[Paper] Weighted Box Fusion (WBF): Ensembling boxes from different object detection models with Full Implementation

Introduction

When real-time inference is not required, ensembling different models can bring about performance boost. Some of popula ensembling methods for object detection include non-maximum suppression which simply removes “duplicated” bounding boxes whose IoU with a selected bounding box is greater than the given IoU threshold. Another recent method is Soft NMS which reduces the confidences of proposals propotional to IoU values. However, these methods cull out some bounding boxes based on certain criteria but do not utilize all the bounding boxes. Thus, some bounding boxes that might potentially contribute to the good performance are removed.

In this paper, a new ensembling method, weighted boxes fusion (WBF), is introduced which utilizes all proposed bounding boxes to construct the averaged boxes. The weighted boxes fusion is quite simple and straightforward yet brings about a large performance boost.

Note that the implementation in this post my own implementation which is intended to be easier and more intuitive to understand. That means it does not aim for efficiency. Once you understand how the WBF algorithm works, you can jump to the official implementation by the original author which I provided in the later section.

Non-maximum suppression (NMS)


Reference

So far, the non-maximum suppression is probably the most-known ensembling method. In NMS, first sort all the bounding boxes with respect to confidence score. Starting from the highest confidence score bounding box (Box A), all the bounding boxes whose IoU with the Box A are greater than the pre-defined IoU threshold are removed, leaving out only the “best” bounding box for a specific target object. However, setting this threshold is tricky: If there’re objects of same class side by side, then only one will be remained which is not something we want.

Soft-NMS


Soft NMS

Instead of removing bounding boxes, soft-NMS reduces the confidences of the proposals proportional to IoU value. The soft-NMS showed a noticeable improvement over the plain NMS method.

However, both NMS and soft-NMS discard redundant boxes so they cannot produce averaged localization predictions from different models effectively.

To address these issues, let’s look at how WBF works.

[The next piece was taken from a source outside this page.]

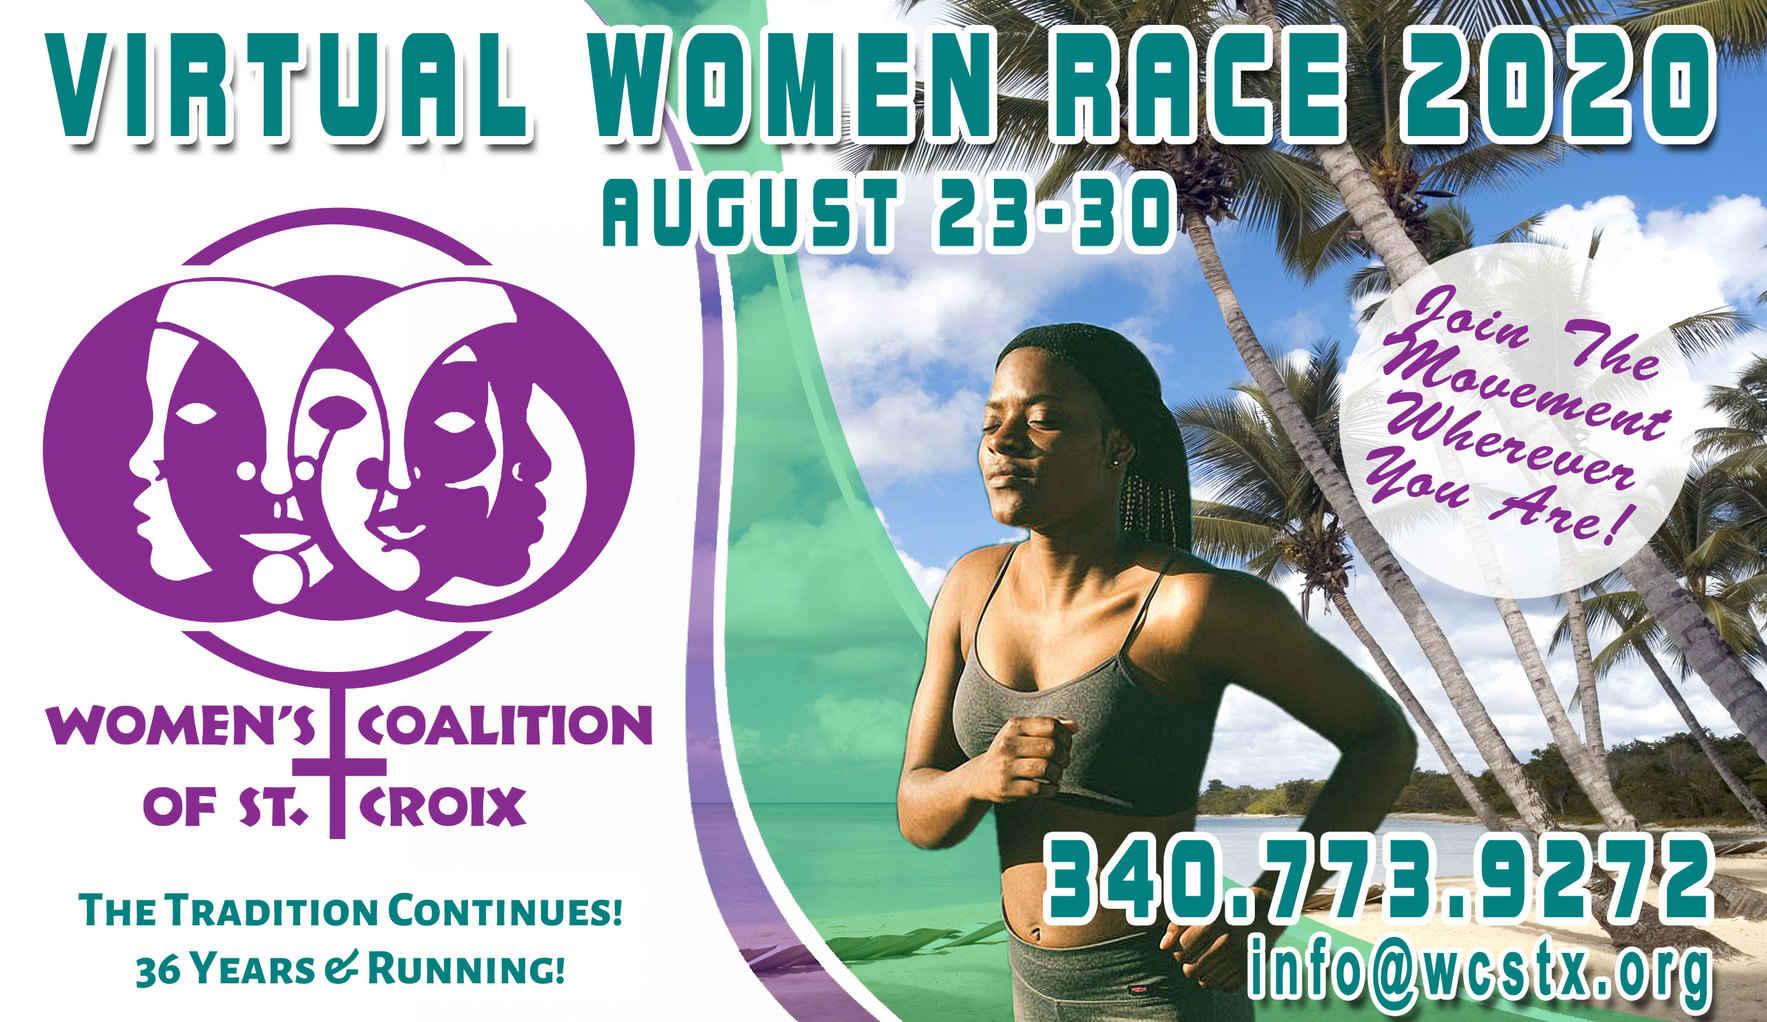 Virtual Women Race 2020 image

Weighted Boxes Fusion (WBF)


weighted boxes fusion

Unlike NMS and soft-NMS that discard redundant boxes, WBF algorithm makes them to all contribute to the final prediction proportionally to their confidence score. Intuitively, this is quite a fair method since unless the predicted bounding box is a really terrible prediction (e.g. confidence = 0.001), some features of that prediction must contribute to the prediction at least a bit. The difference between the NMS/Soft-NMS and the WBF is illustrated in the above figure.

Let’s now dive deep into the details of the WBF algorithm.

Full Implementation

The full implementation is given before explaining specific steps. Refer back to this implementation for each step.

  
# Presets
boxes_list = [
    [
        [15, 30, 52, 140],
        [34, 20, 78, 130],
    ],
    [
        [30, 45, 68, 140],
        [25, 5, 64, 110],
    ]
]
for model_boxes in boxes_list:
    for box in model_boxes:
        box[0] /= 144.
        box[1] /= 144.
        box[2] /= 144.
        box[3] /= 144.

scores_list = [[0.98, 0.78], [0.86, 0.82]]
labels_list = [[1, 1],[1, 1]]
weights=[1,1]

iou_thr = 0.3
skip_box_thr = 0.01

# IoU
def intersection_over_union(box1, box2):
    box1_xmin, box1_ymin, box1_xmax, box1_ymax = box1[0], box1[1], box1[2], box1[3]
    box2_xmin, box2_ymin, box2_xmax, box2_ymax = box2[0], box2[1], box2[2], box2[3]

    inter_xmin = max(box1_xmin, box2_xmin)
    inter_ymin = max(box1_ymin, box2_ymin)
    inter_xmax = min(box1_xmax, box2_xmax)
    inter_ymax = min(box1_ymax, box2_ymax)

    intersection = max(0,(inter_xmax - inter_xmin)) * max(0,(inter_ymax - inter_ymin))
    union = (
        (box1_xmax - box1_xmin) * (box1_ymax - box1_ymin)
        + (box2_xmax - box2_xmin) * (box2_ymax - box2_ymin)
        - intersection
    )

    return intersection / (union + 1e-6)

# WBF
def wbf(boxes_list, scores_list, labels_list, weights=None, iou_thr=0.5, skip_box_thr=0.05):
    N = len(boxes_list)

    # [1-1] Single list B
    B = [box for model_boxes in boxes_list for box in model_boxes]
    C = [score for model_scores in scores_list for score in model_scores]
    labels = [label for model_labels in labels_list for label in model_labels]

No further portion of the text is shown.